Gaddafi death: The bloody birth of a new Libya
By Jeremy Bowen
BBC Middle East editor, Tripoli
22 October 2011
Gaddafi was captured alive and dragged along the ground in Sirte
The death of Muammar Gaddafi has removed a big problem for this country's transition rulers. It has also imbued the new Libya with original sin it may regret.
The leaders of the National Transitional Council (NTC) during the months of the fight against the colonel often spoke about building a country based on rights, not revenge.
But the iconic image of their moment of national liberation is of Col Gaddafi, a man who spilled oceans of other peoples' blood, not accounting for his crimes in a court, but being set upon by fighters who killed him.
One man here in Tripoli told me he thought Col Gaddafi should have been spared to make him face justice. But everyone else I have spoken to is just pleased he is dead, and they do not care how it happened.
But if the new Libya is going to be a country of rights, then it has some questions to answer.
The most pressing are about what appears to have been the summary executions of Col Gaddafi and his son Mutassim.
But black Africans have also been rounded up as alleged mercenaries, on little or no evidence, without being given access to a lawyer.
I saw several dozen of them today being driven through Tripoli, hands bound, blindfolded with cloths of Gaddafi green, in the back of trucks with welded-on anti-aircraft cannon and heavy machine guns.
Body quandary
Col Gaddafi was a cruel dictator who ordered appalling acts of murder. He built a system that ran on fear and brutality.
He deserved to face punishment. The one he received was summary justice - of the kind that his own henchmen had meted out for years.
States that have been through deep and violent change tend to do best later on if there is a process of national reconciliation. Old enemies need to learn how to work together.
Maybe dispatching Col Gaddafi and his son will make that easier - or it might make the NTC's promises of fairness and forgiveness harder to believe.
Right or wrong, killing him quickly solved a problem for the National Transitional Council. The arguments about what to do with the body and where to bury it have been difficult enough.
If he had lived, there would have been months of rows about his crimes, his trial and his punishment.
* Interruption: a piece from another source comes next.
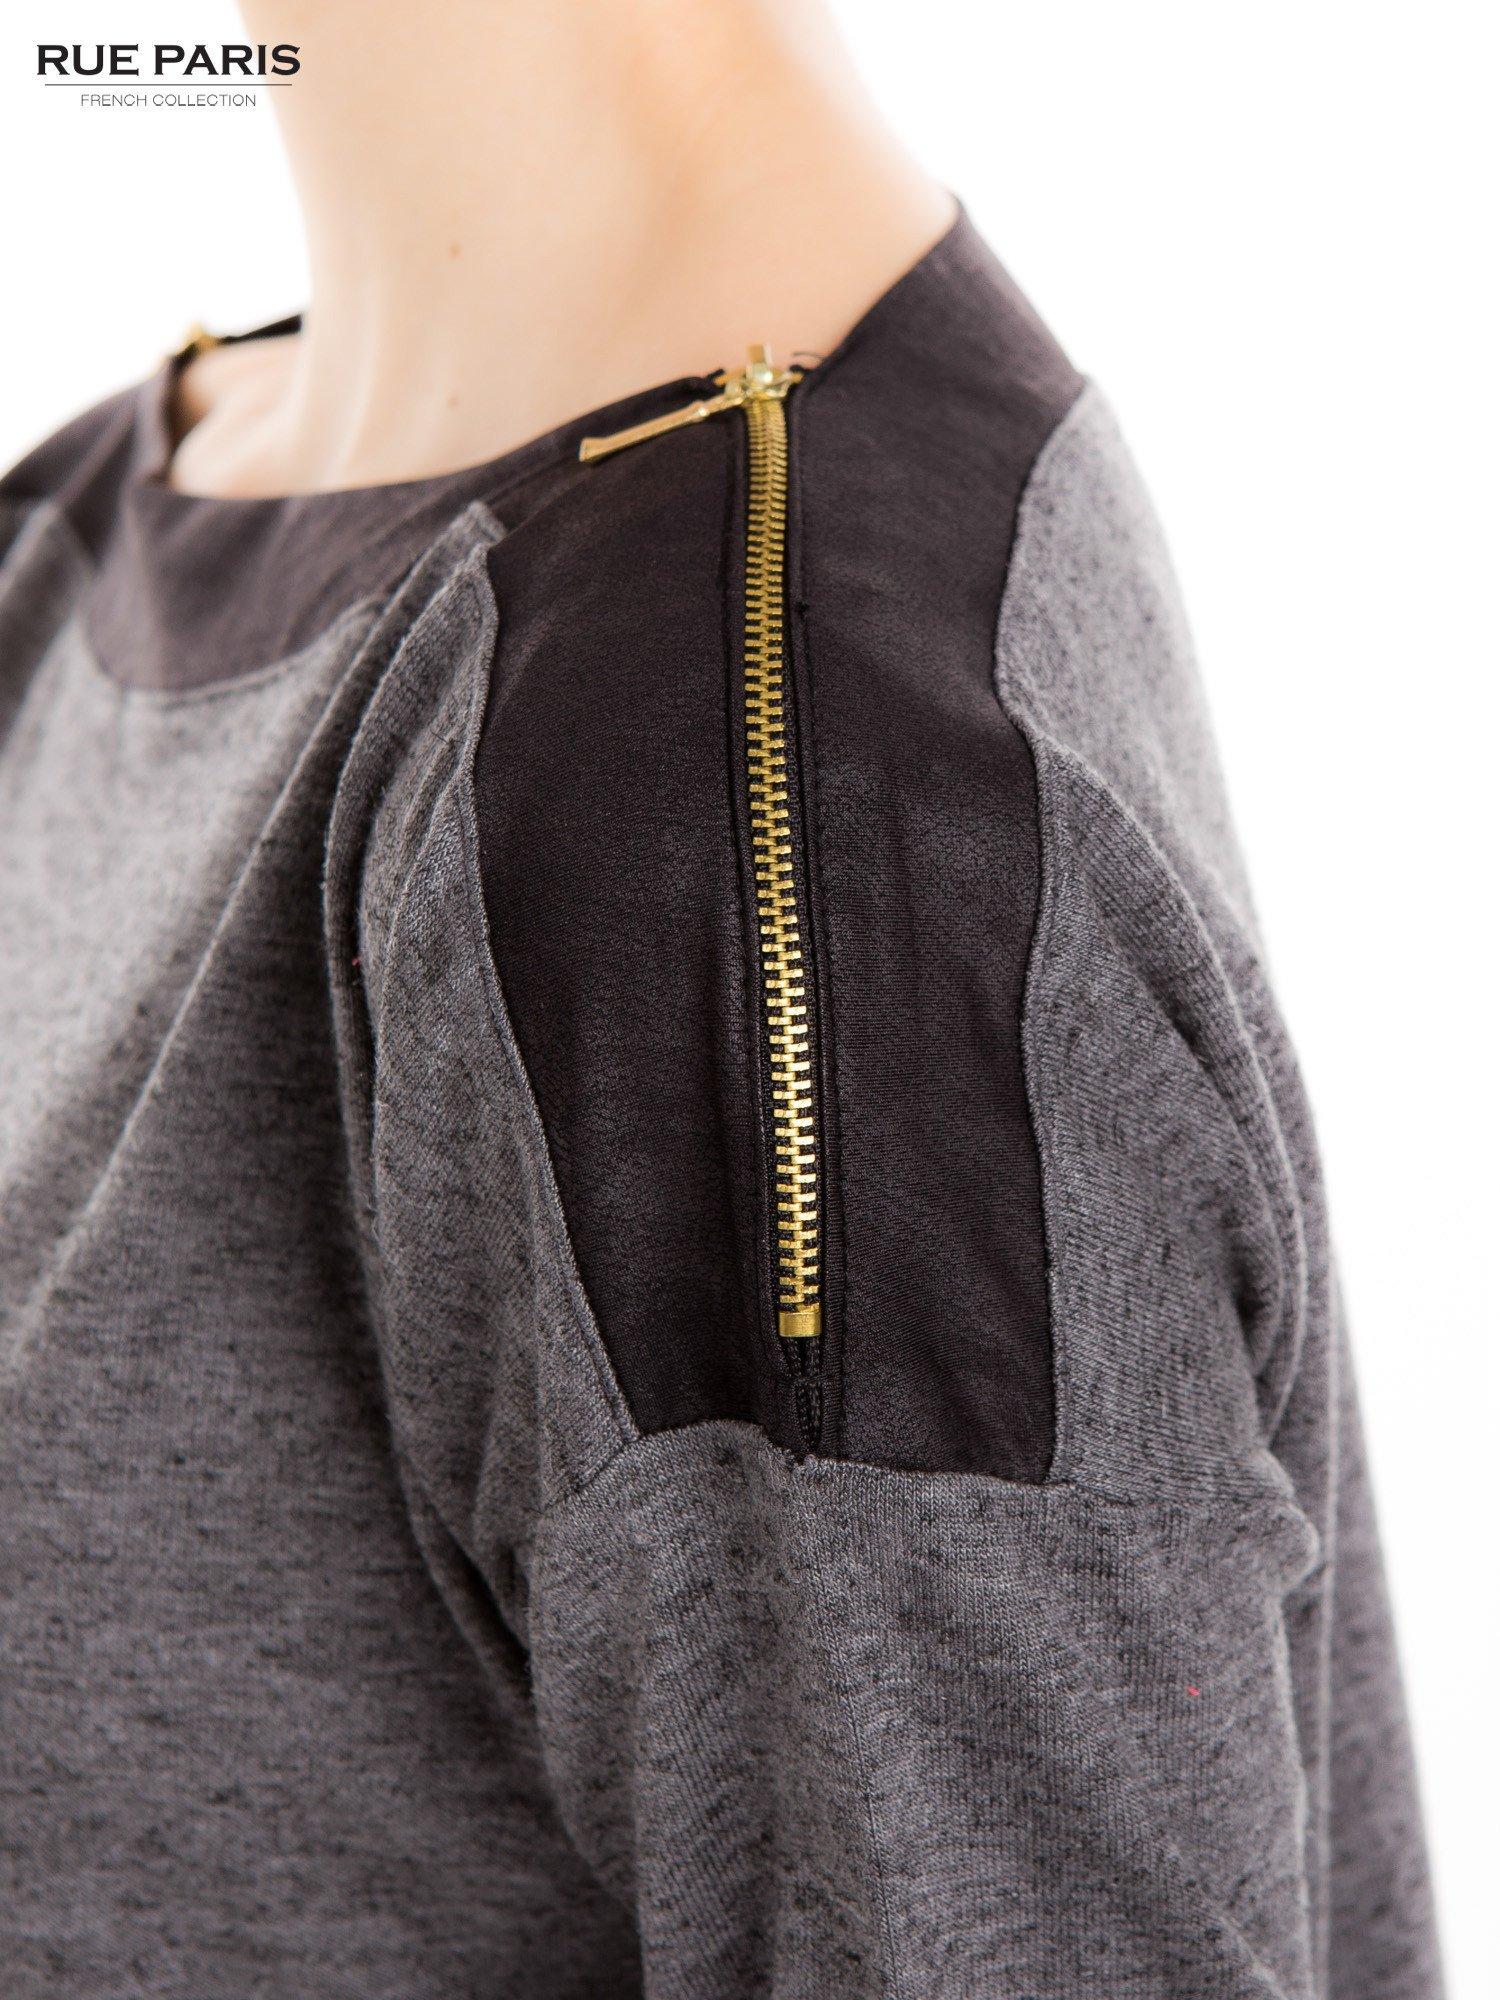 Szara melanżowa bluzka z suwakami na ramionach                                  zdj.                                  4

And there would have been the nagging fear that Col Gaddafi's existence, and his first public and no doubt defiant appearance in court, would be a focus for the old regime's loyalists, who are now quietly keeping their heads down.
Libyans have been celebrating without expressing qualms about the manner of Gaddafi's death
Head down
And the death of the colonel has changed the atmosphere in the capital. To get an idea of how profoundly, take a walk through Martyrs' Square in the old part of Tripoli. It was called Green Square in the Gaddafi years.
During the time in the spring and summer that Nato was bombing Libya, the square was the centre of the Gaddafi cult.
Most afternoons and evenings there were demonstrations, all with the same simple message - against Nato, and glorifying the colonel.
The rallies were not comfortable places to be. The crowd would work themselves up to a pitch of anger. On Fridays especially, thousands of bullets would get fired into the sky.
Ask someone a question and you would be surrounded by a jostling, yelling mass of people competing to condemn the West and express their love for Muammar Gaddafi.
As soon as the regime fell at the end of August, it started to change. The faces were different.
I had started recognising the noisiest regulars in the Gaddafi rallies. The new ones in what was soon renamed Martyr's Square often said they had not been to the Square for years.
As in all police states, the best thing to do was to keep your head down so as not to get noticed.
Weight lifted
Some things do not change. Libyans are never going to be quiet when they get into a crowd.
People celebrating the death of the Gaddafis, just like his supporters, enjoy driving overloaded cars around the city at speed, as they hang out of the windows and chant slogans.
And Libyan still have an alarming love of expressing their emotions by firing into the air, though I notice they aim the heavy guns out to sea now instead of straight up.
But I have never seen Tripoli so relaxed, which should not be surprising. A heavy weight has been lifted. While Col Gaddafi lived, many Libyans could not quite lose the fear that he might come back.
But now they have seen his body. Crowds in Misrata have even lined to view it and snap it where it lies in a cold store.
Tunisians and Egyptian revolutionaries have a growing fear that they got rid of the man at the top, while important parts of the old regime stay intact and powerful.
Libyans do not need to have that fear. Col Gaddafi's Libya has been smashed. It is, really, a new beginning.
That is why they need to get the fundamentals right from the very start.